Prove that $\lim_{n\rightarrow\infty}\frac{exp(r)}{r^n}=\infty$ from the definition.
The definition in my text says: For a sequence $(S_n)$, we write $limS_n=\infty$ provided for each $M>0$ there is a number N such that $n>N$ implies that $S_n>M$.
So I need to consider an arbitrary $M>0$ and show that there exists $N$ [which will depend on $M$] such that $n>M$ implies $\frac{exp(r)}{r^n}>M$
To see how big N must be we normally solve for n in the inequality.
So far I have only had to do limit definitions for equalities and inequalities that have just one variable but in this case there is an $r$ and $n$ and even if I knew which one to solve for (I think $r$ in this case) I'm not sure how to isolate it since the $r$ is in both the numerator and denominator.
So my question is how can I choose my $n>M$ for this case?
Note: I know how to show the limit is infinite using limits and l'Hopital's rule but I'm not allowed to use this as my formal proof I must use the definition.
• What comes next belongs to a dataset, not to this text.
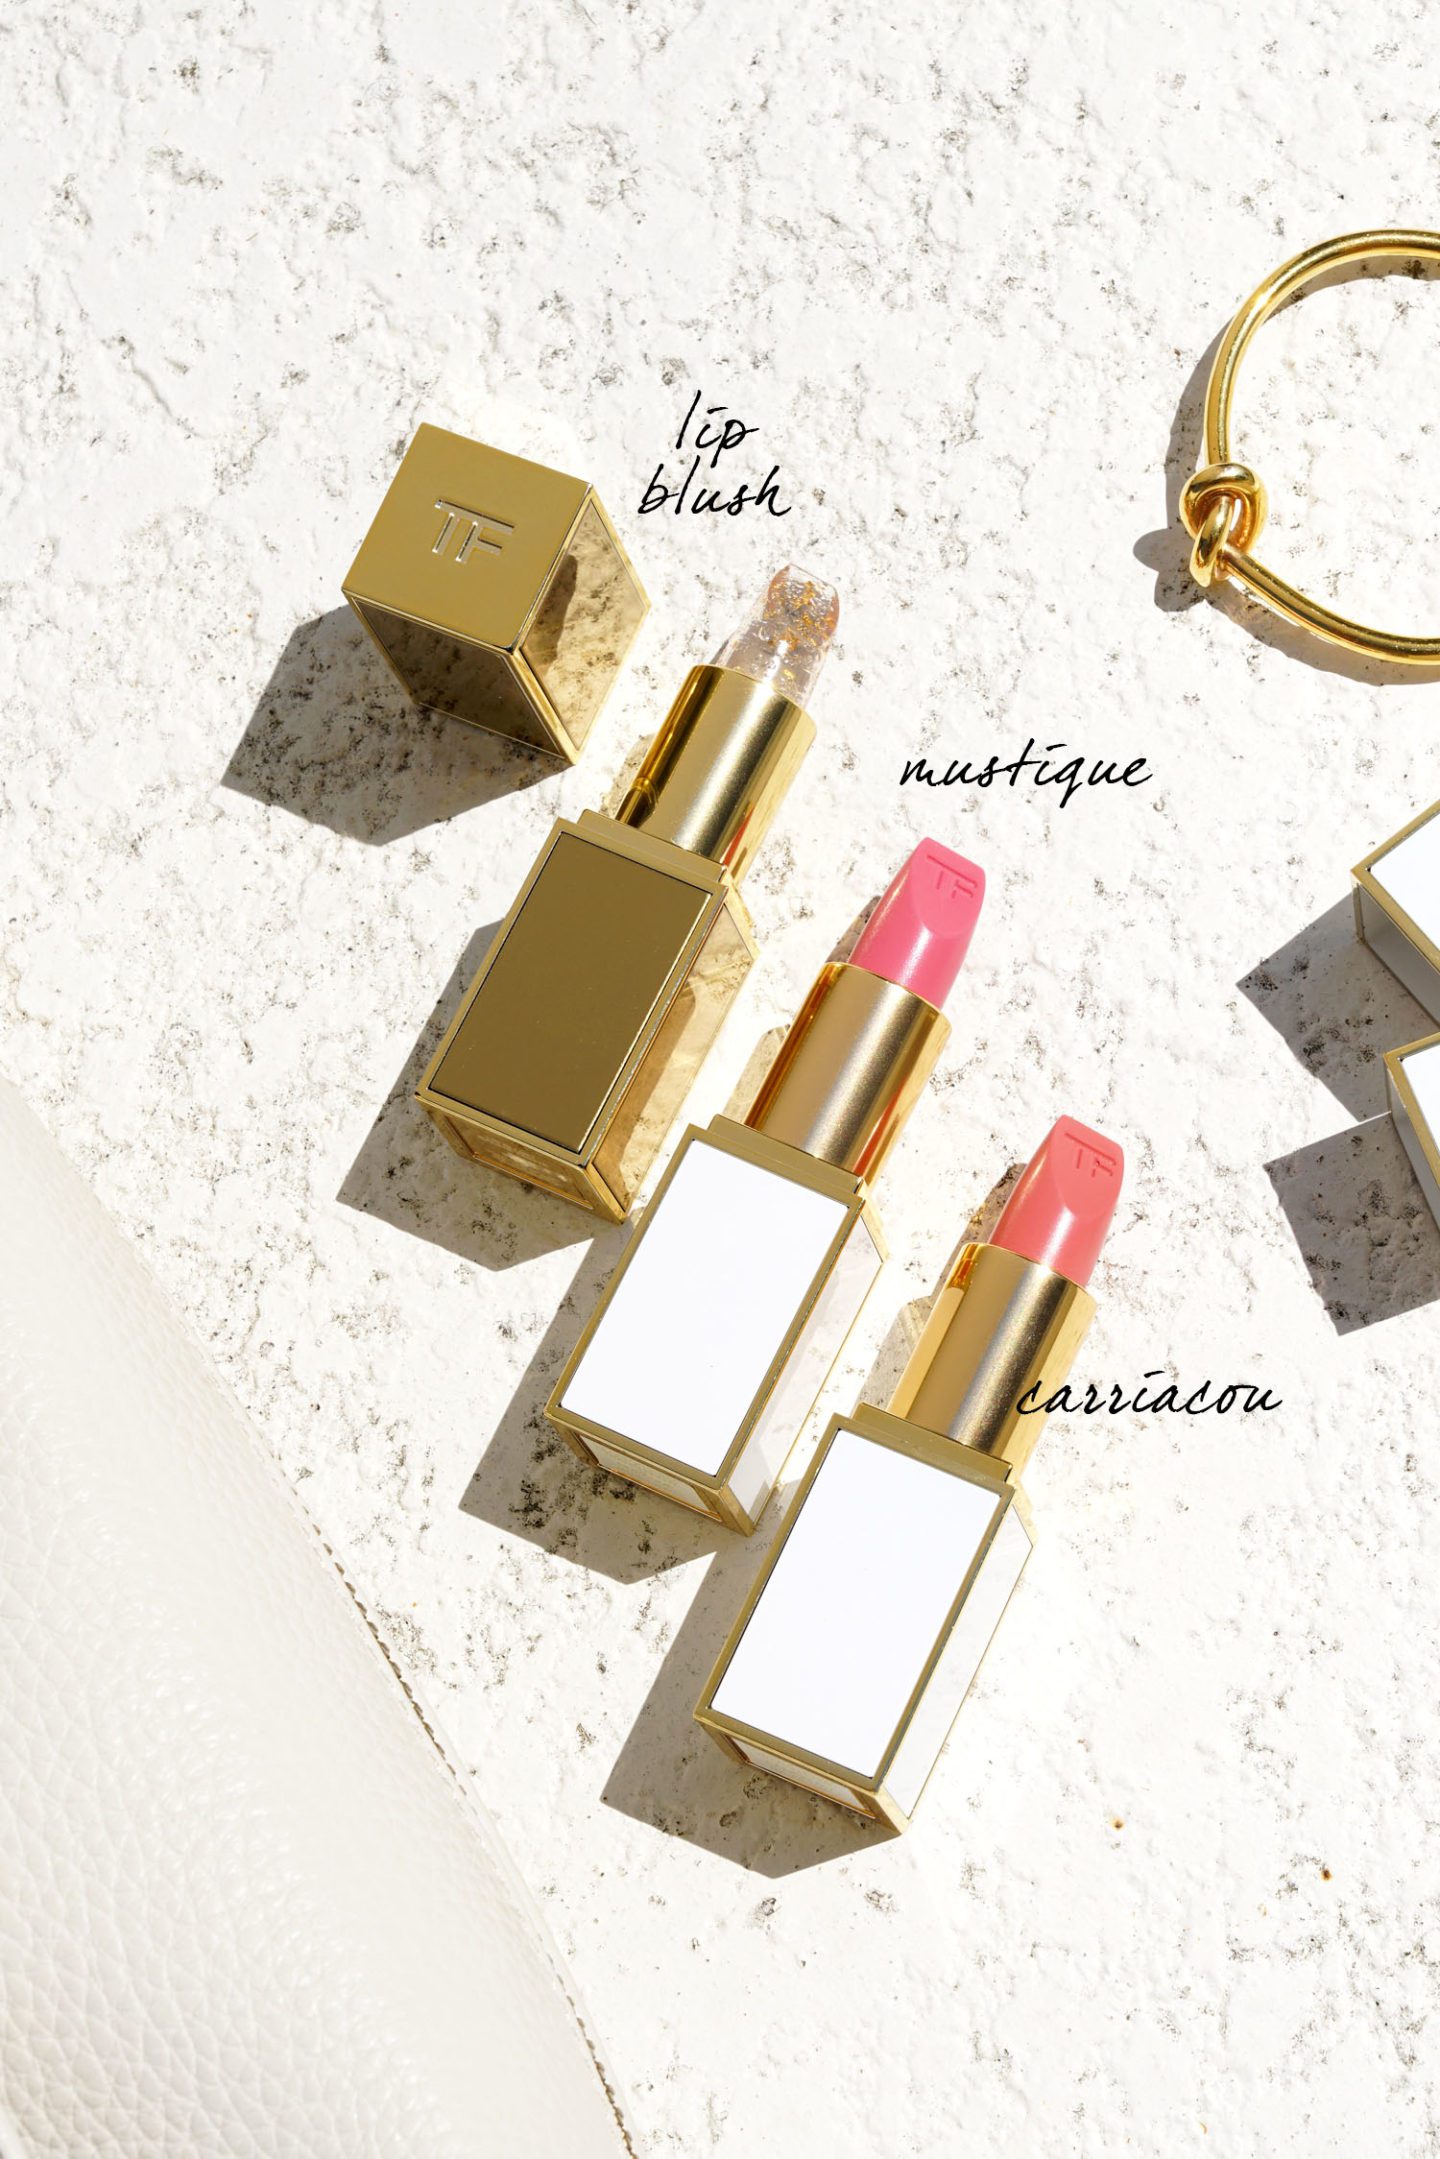 Tom Ford Soleil Lip Blush, Lip Color Sheer in Mustique and Carriacou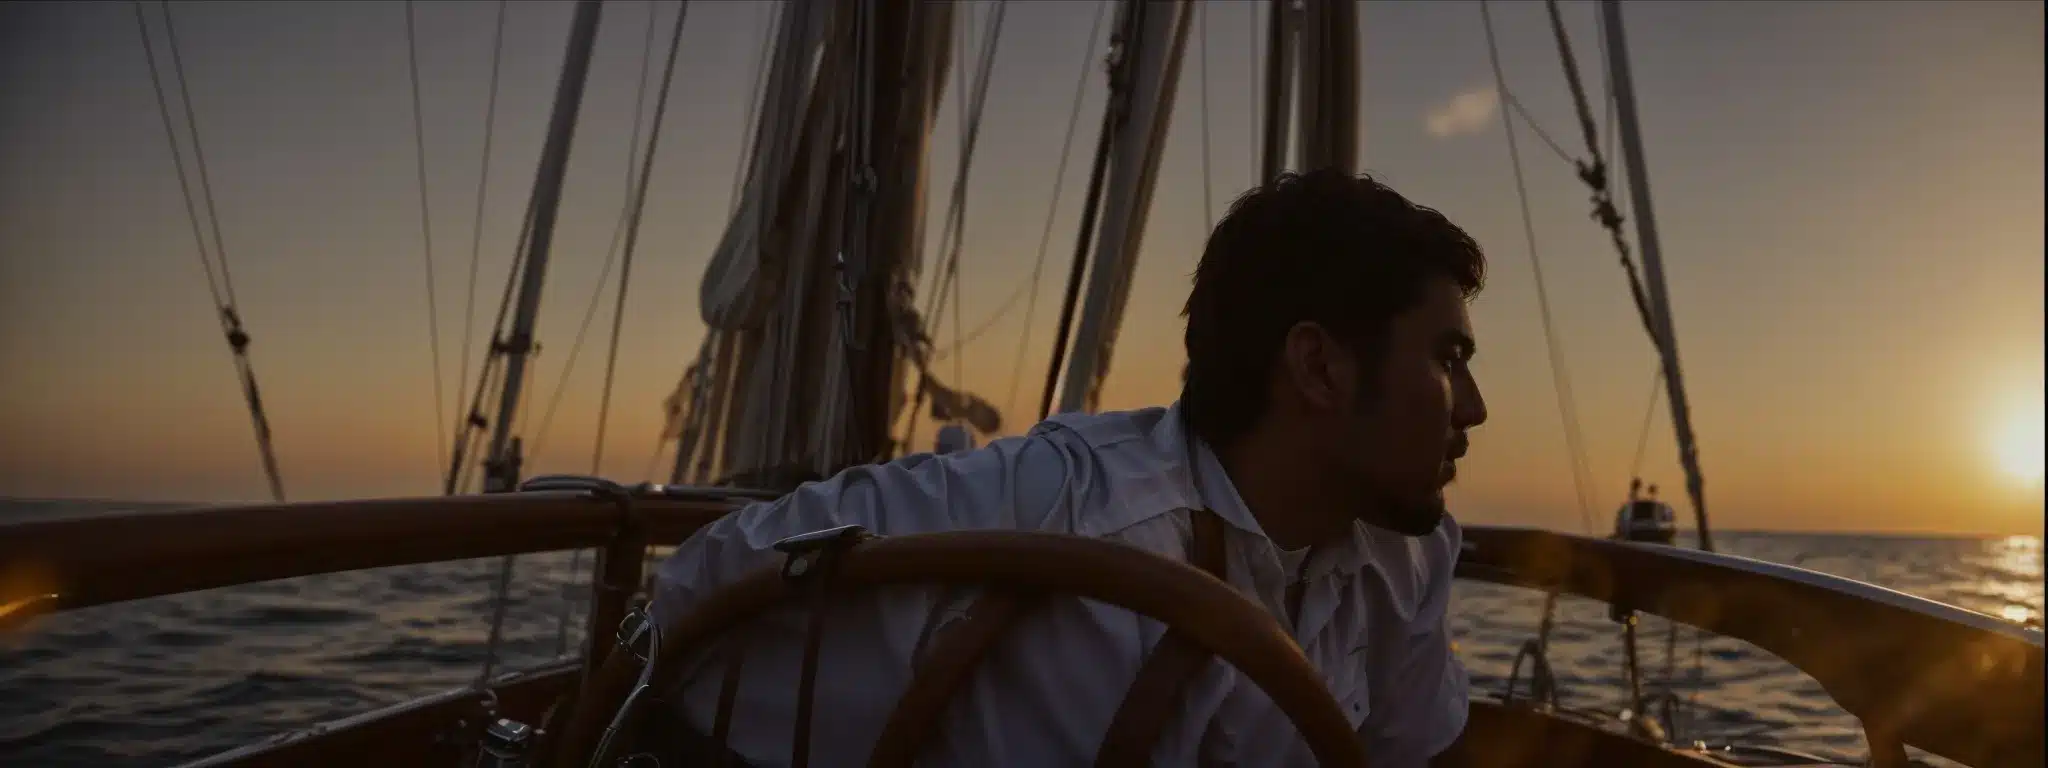 A Captain Stands At The Helm Of A Majestic Sailboat, Steering Towards A Horizon Aglow With The Golden Light Of Sunset.

Any help would be greatly appreciated.
Thank you,
You should solve for n: $$\frac{e^r}{r^n} = \frac{e^r}{e^{(\ln{(r^n)})}} = \frac{e^r}{e^{(n \cdot\ln{r})}} = e^r\cdot e^{n\cdot(-\ln{r})}$$ If you want a tight bound you can solve the following inequality for n: $$e^r\cdot e^{n\cdot(-\ln{r})} > M$$ $$e^{n\cdot(-\ln{r})} > \frac{M}{e^r}$$ $$n \cdot (-\ln{r}) > \ln{\left(\frac{M}{e^r}\right)}$$ $$n > \frac{\ln{\left(\frac{M}{\exp{(r)}}\right)}}{-\ln{r}}$$ $$n > \frac{\ln{\left(\frac{M}{\exp{(r)}}\right)}}{\ln{\left(\frac{1}{r}\right)}}$$ $$n > \ln{\left(\frac{M}{e^r}-\frac{1}{r}\right)}$$